# Problem
Everything in the data that follows should be given again verbatim, except the images.

# Information supplied
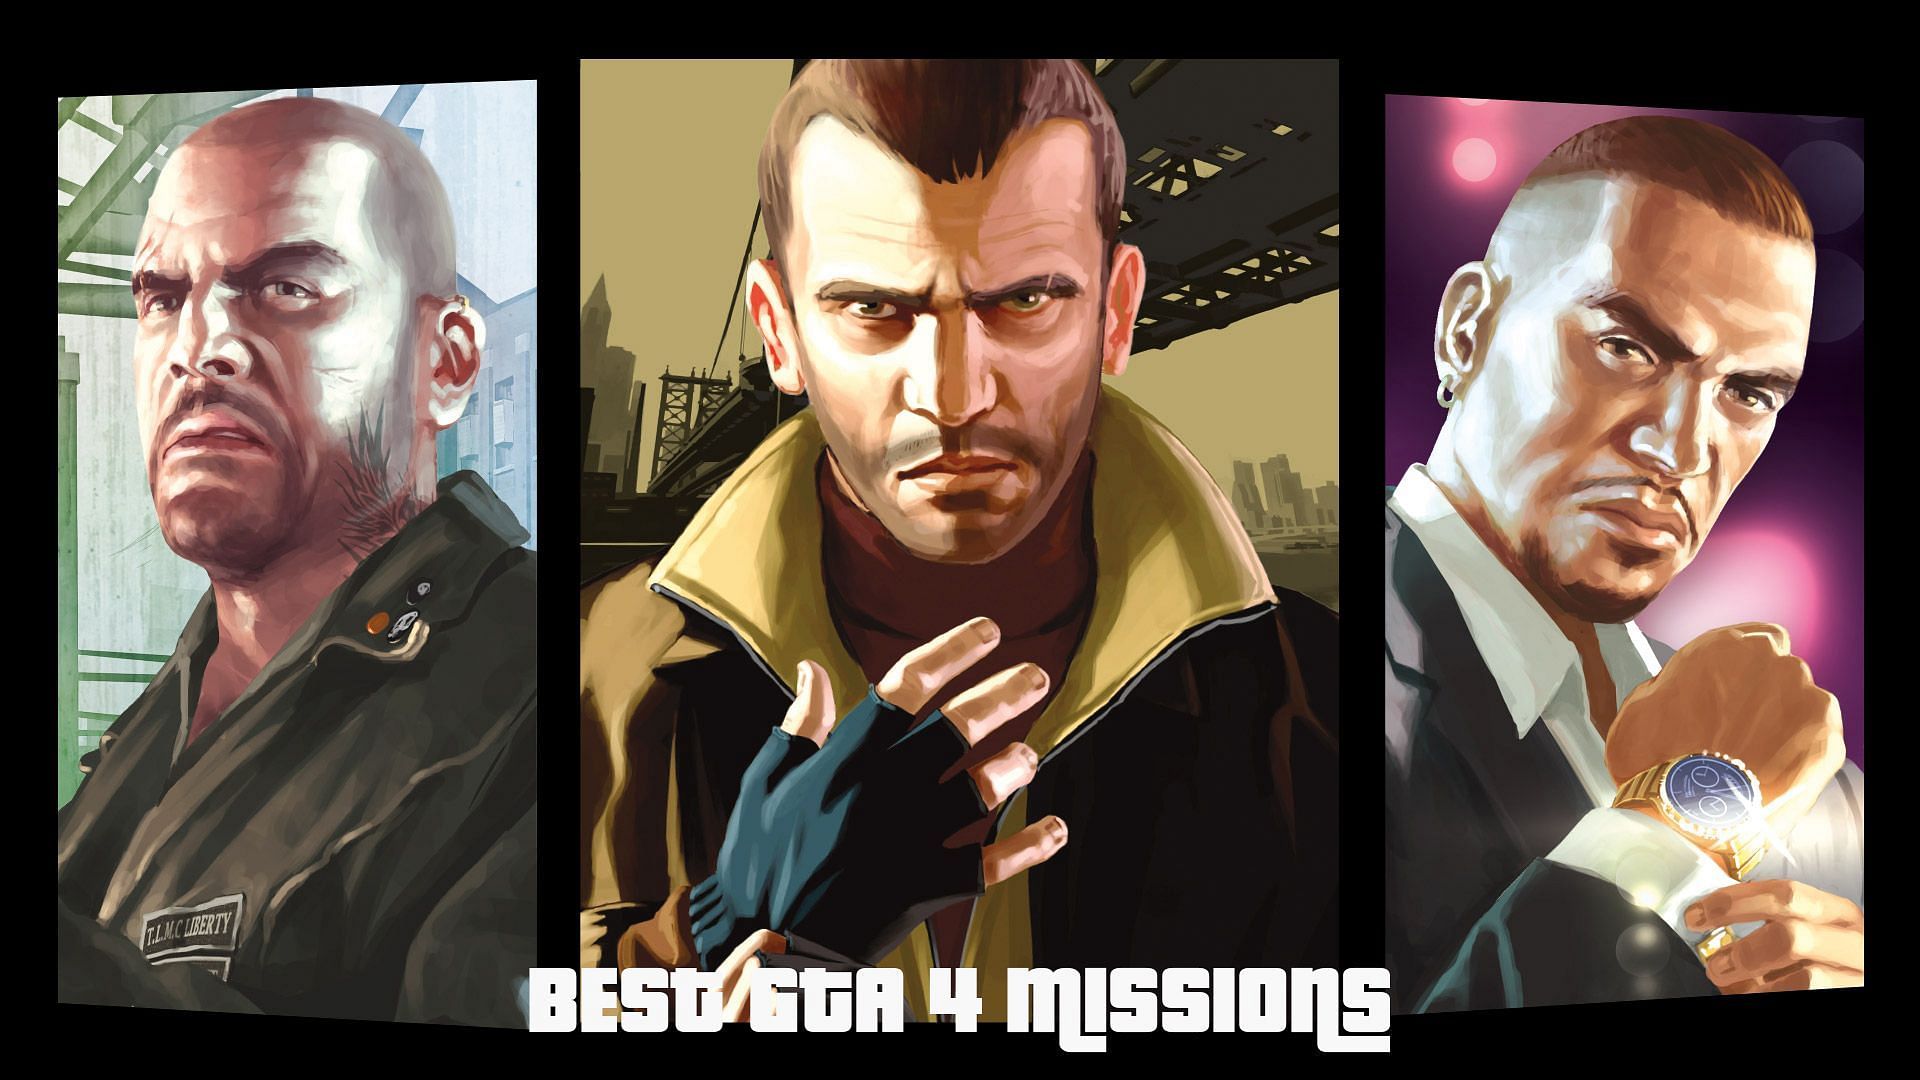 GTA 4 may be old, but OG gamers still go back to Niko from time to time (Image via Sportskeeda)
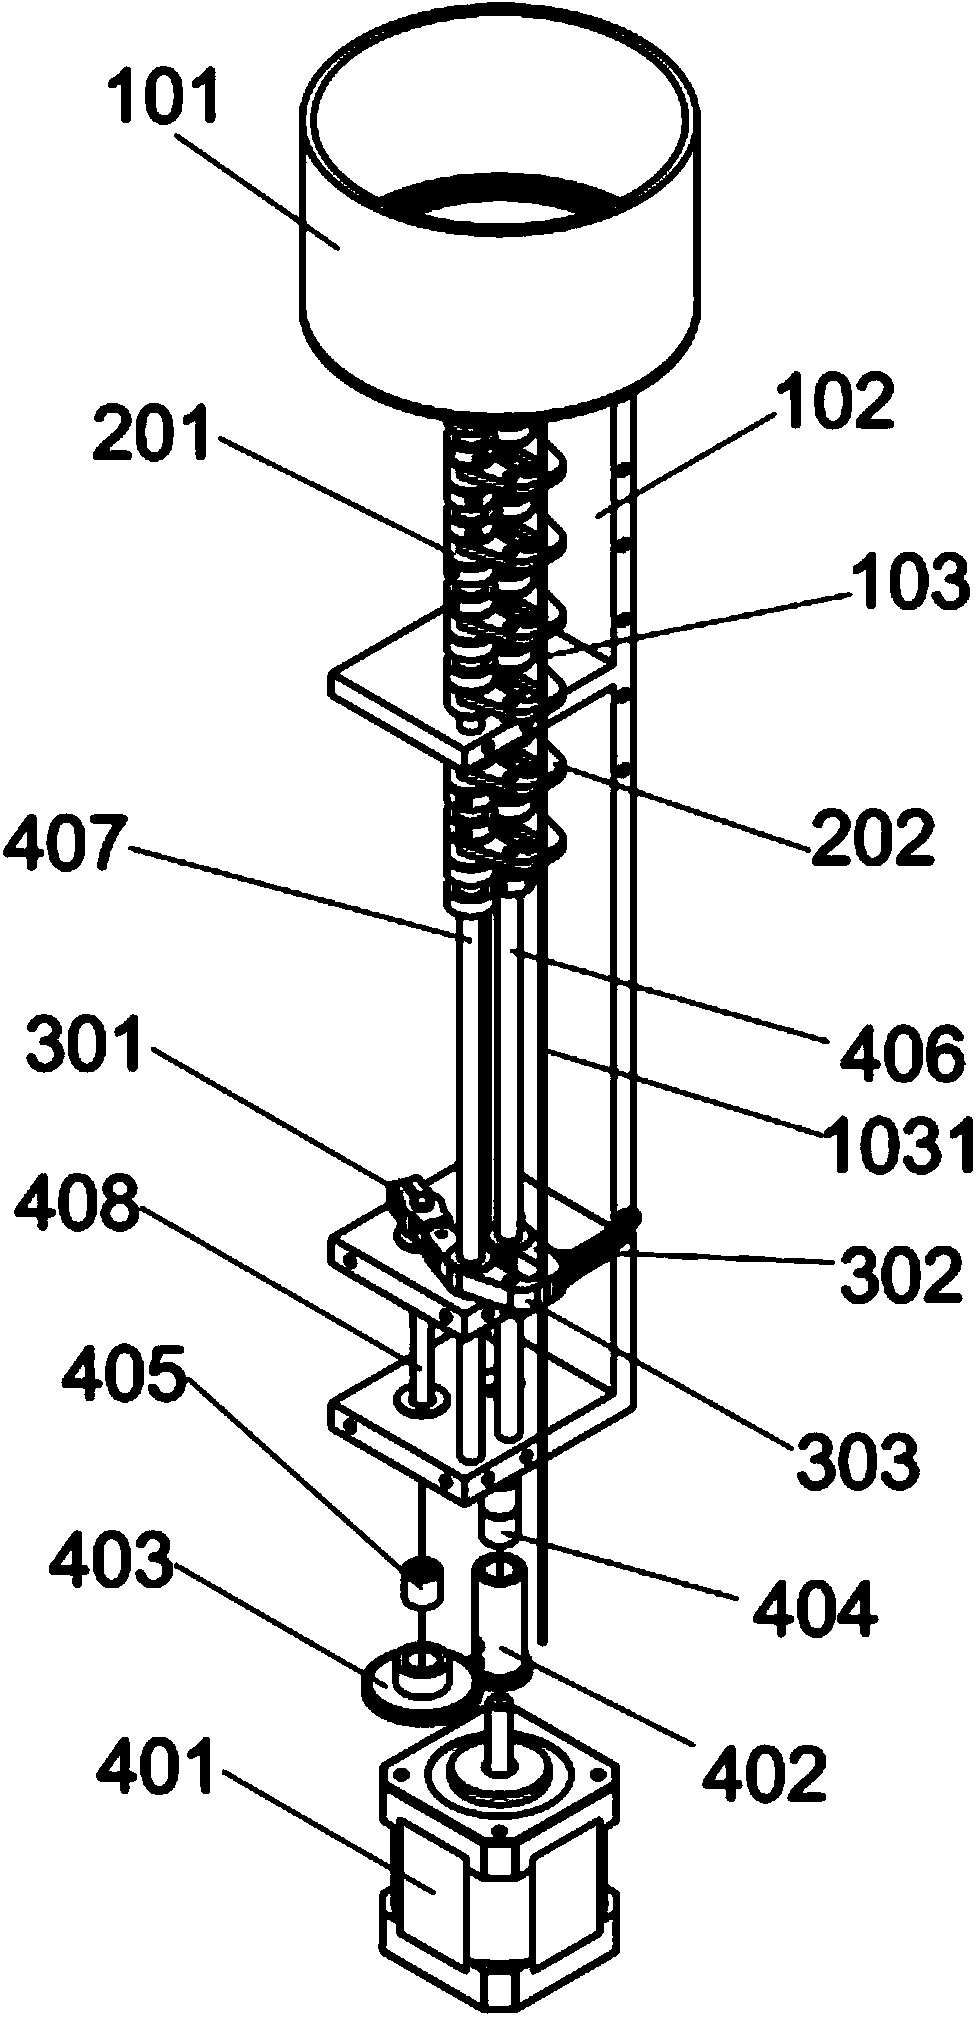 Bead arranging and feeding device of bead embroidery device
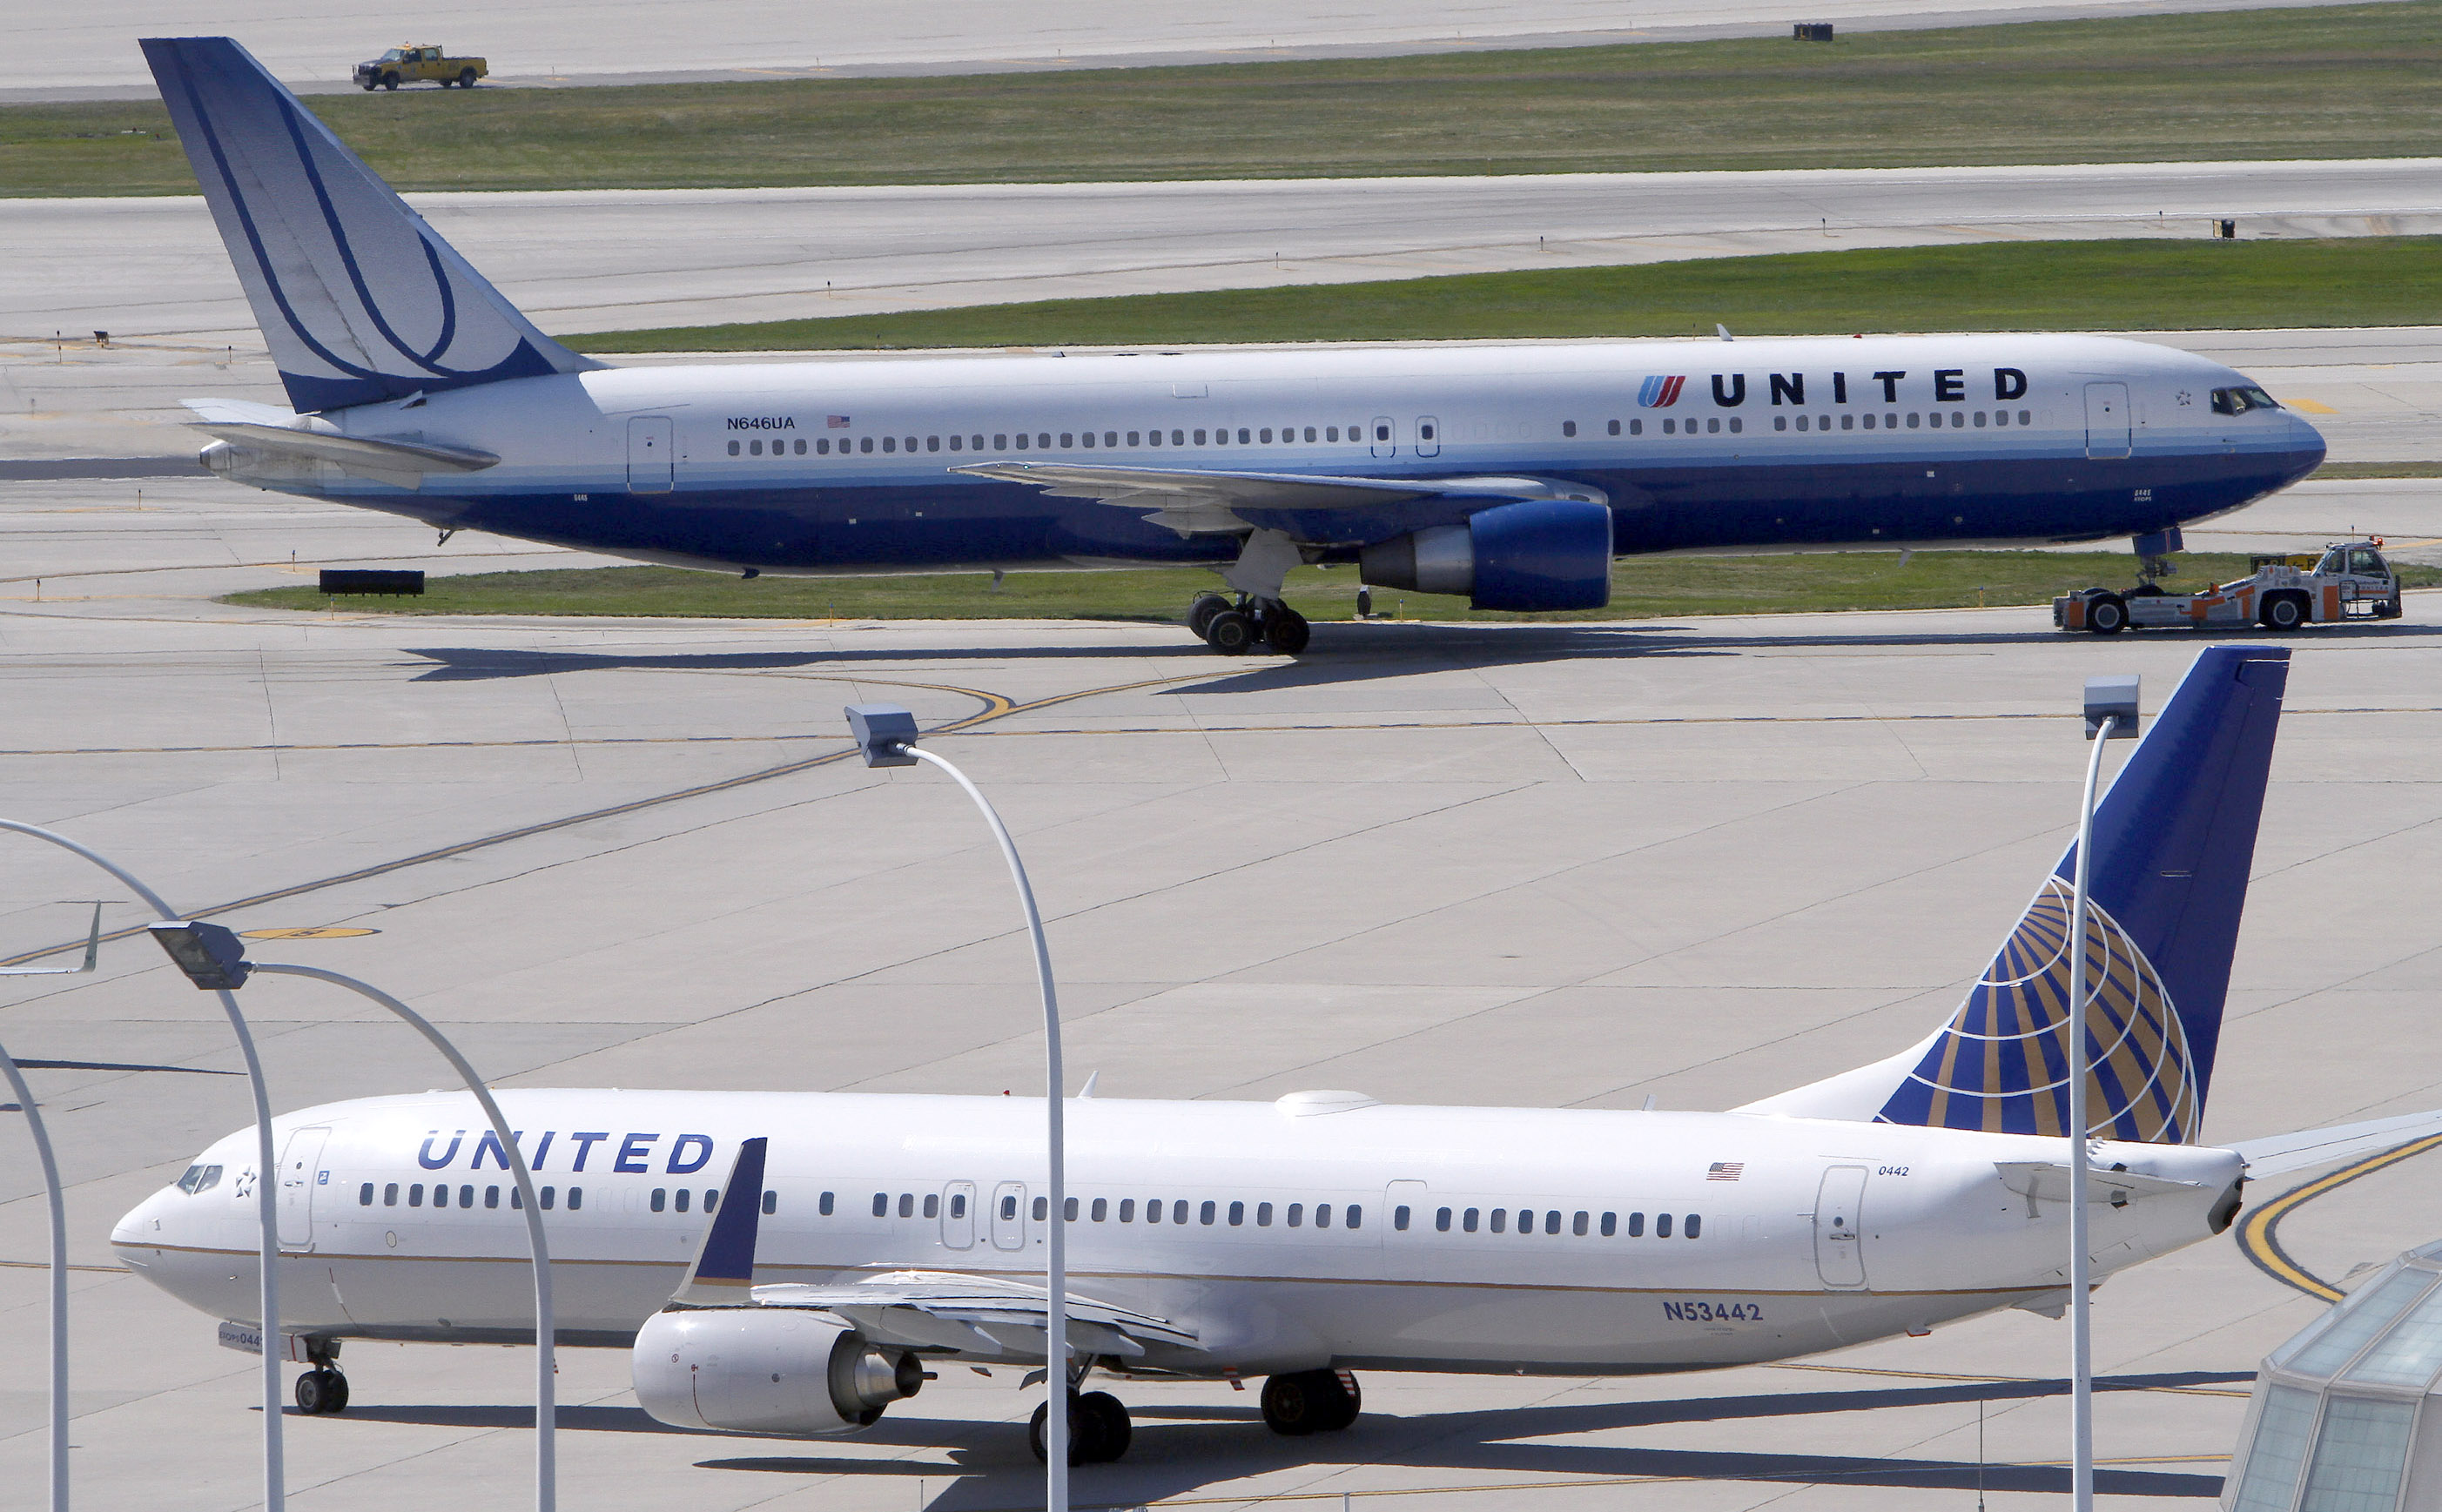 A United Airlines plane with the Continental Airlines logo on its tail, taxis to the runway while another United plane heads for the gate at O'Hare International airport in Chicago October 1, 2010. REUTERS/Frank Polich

# Task result
 GTA 4 may be old, but OG gamers still go back to Niko from time to time (Image via Sportskeeda)
 Bead arranging and feeding device of bead embroidery device
 A United Airlines plane with the Continental Airlines logo on its tail, taxis to the runway while another United plane heads for the gate at O'Hare International airport in Chicago October 1, 2010. REUTERS/Frank Polich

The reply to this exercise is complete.